Mr Sunak missed the chance to address the ‘health service’s biggest problem’ – staffing shortages – because he did not announce a fully funded strategy to address workforce challenges, they argued. Official data shows 38,952 nursing vacancies currently in England as of August.

RCN chief executive Pat Cullen said the ‘public’s greatest fear for health and care services is the current lack of staff’ and warned ‘too many [staff] are considering their future’ because of low pay. The RCN is currently fighting against the 3% pay rise announced for NHS staff earlier this year.

Ms Cullen continued: ‘Patient care is paying a heavy price, as is our workforce. Any new centre or clinic requires skilled staff, as does the backlog of people needing care and support.’

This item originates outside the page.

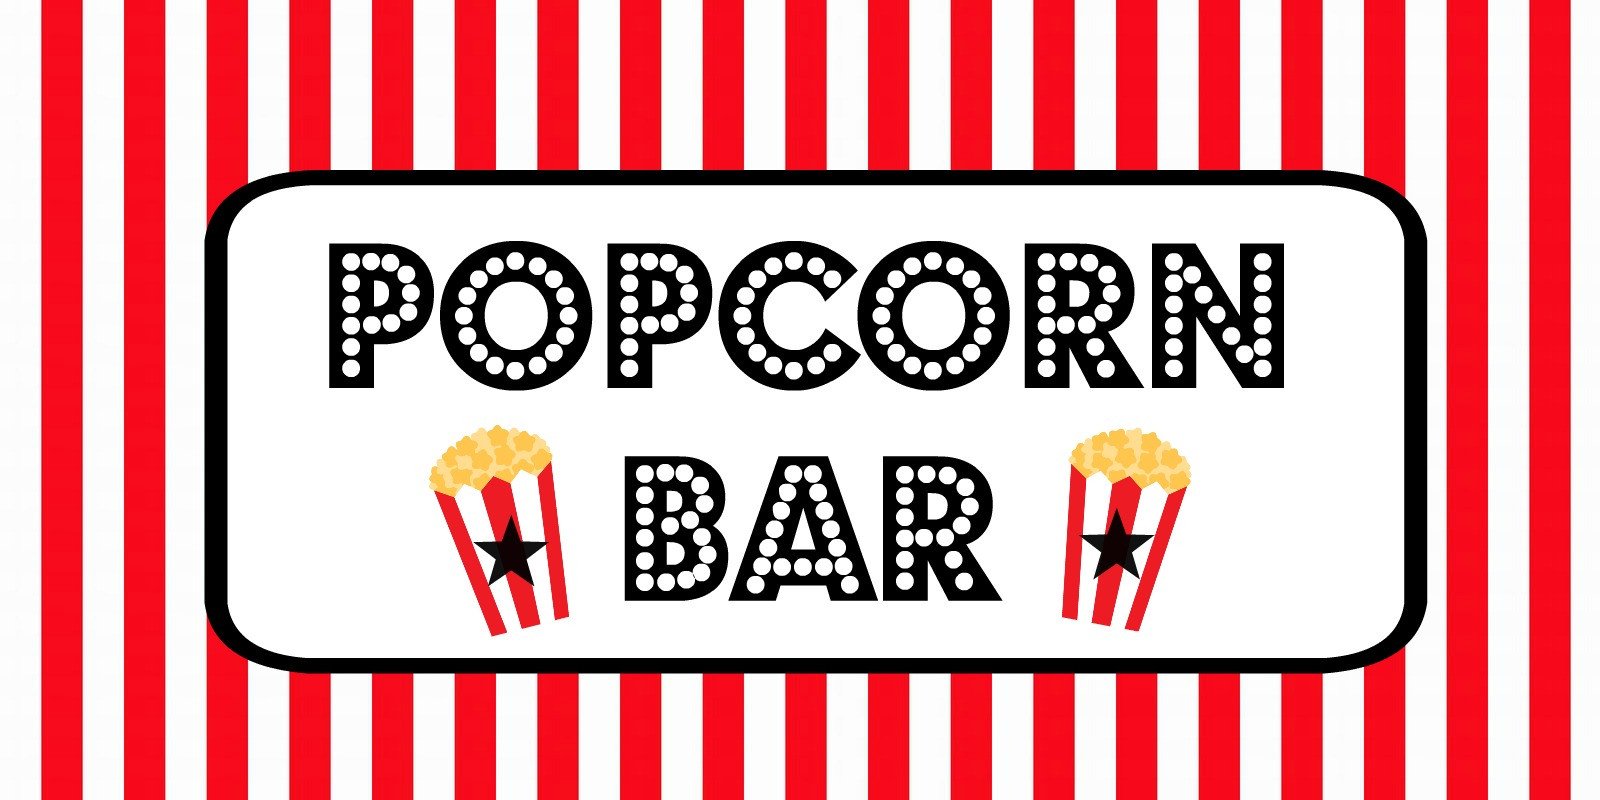 FREE Movie Night Popcorn Bar Printables

As part of his budget, Mr Sunak also announced:

  • £5.9bn towards diagnostic services and tackling the backlog
  • A £500m care package for children and families – including more than £80m for family hubs, £100m to support the mental health of new and expectant parents, £120m towards other comprehensive family support programmes, and £200m to help vulnerable families
  • Maintaining the public health grant in real terms.

In addition, Care England also warned ‘winter is going to be very, very tough’ this year after no new plans or funding was announced for social care as part of the spending review.

Many in the social care sector had called for a greater portion of the Health and Social Care Levy, announced in September, to go towards the sector. Of the £36bn extra estimated to be gained over the next three years, just £5.4bn is earmarked for social care in England.

Also responding to the budget, NHS Confederation chief executive Danny Mortimer said: ‘To ensure the extra money delivers for the public, a strong and supported NHS workforce is needed.

‘This is why training and increasing the supply of doctors, nurses and other health and care professionals is so important at a time when public polling recognizes that staffing is the biggest problem facing the NHS.’

And NHS Providers deputy chief executive Saffron Cordery stressed that ‘workforce shortages and the resulting unsustainable workload on existing NHS staff are currently the health service’s biggest problem’, which ‘can only be tackled with a robust long term workforce plan’.

When announcing his budget, Mr Sunak said: ‘At the start of this Parliament, resource spending on healthcare was £133bn.Today’s Spending Review confirms that by the end of this Parliament, it will increase by £44bn to over £177bn.

‘The extra revenue we’re now forecast to raise from the Health and Social Care Levy is going direct to the NHS and social care as promised. The health capital budget will be the largest since 2010.’

This follows calls, first aired by healthcare bodies yesterday, for a long-term workforce plan alongside the cash boost for the NHS.